In rural Nepal, micro-hydropower plant mini-grids provide renewable electricity to thousands of communities but the plants often have poor financial sustainability. Widespread uptake of electric cooking in such communities is currently not feasible due to high peak loads and limited capacity. In this paper, we develop a Remote-Areas Multi-Energy Systems Load Profiles (RAMP)-based stochastic techno-economic model for evaluating the economic viability of off-grid communities and improving their financial sustainability by introducing new appliances, productive end uses, and demand-side management measures. The model can be used to understand community electricity demand, assess economic status, determine equitable and profitable tariff structures, and plan new connections including electric cooking promotion or new industrial machines. Detailed electric cooking load modelling functionality was developed to represent Nepali cooking practices, scalable to approximate widespread uptake of electric cooking, and adaptable to other cookers and contexts. The model showed that a payment structure based on electricity consumption rather than a flat tariff could increase the income of a case study community in Eastern Nepal by 400%, although increased monthly payments for certain households from NPR 110 (USD 0.93) to NPR 500–1100 (USD 4.22–9.29) could present difficulty.
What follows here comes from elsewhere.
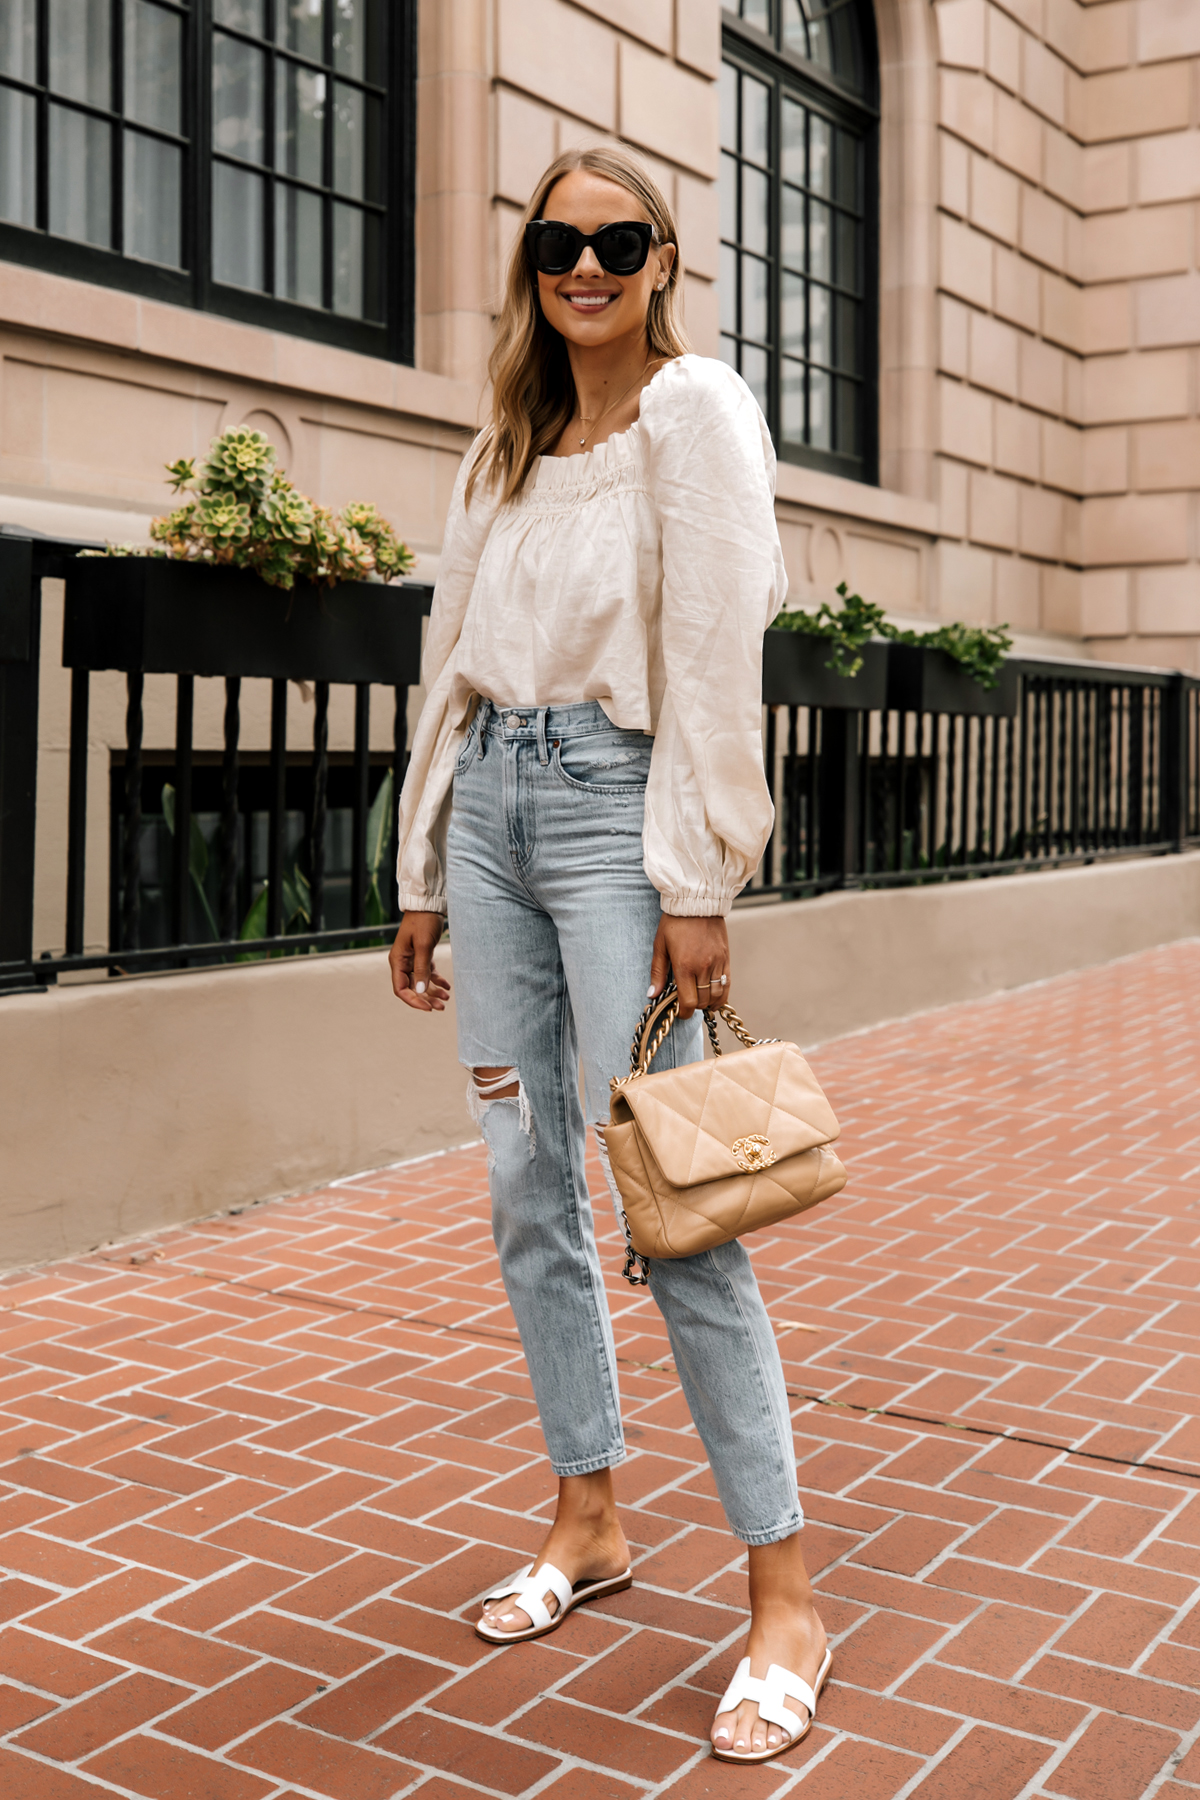 Fashion Jackson Wearing Beige Linen Puff Sleeve Top Madewell Ripped Jeans Hermes White Sandals Chanel 19 Beige Handbag 1

However, households could reduce their electricity consumption and a more equitable tariff structure could be chosen while preserving plant profitability. The number of industrial machines such as mills could be doubled and up to 40 households provided with electric cookers if demand-side management measures were introduced.

Suggested Citation

  • William Clements & Surendra Pandit & Prashanna Bajracharya & Joe Butchers & Sam Williamson & Biraj Gautam & Paul Harper, 2021. "Techno-Economic Modelling of Micro-Hydropower Mini-Grids in Nepal to Improve Financial Sustainability and Enable Electric Cooking," Energies, MDPI, vol. 14(14), pages 1-23, July.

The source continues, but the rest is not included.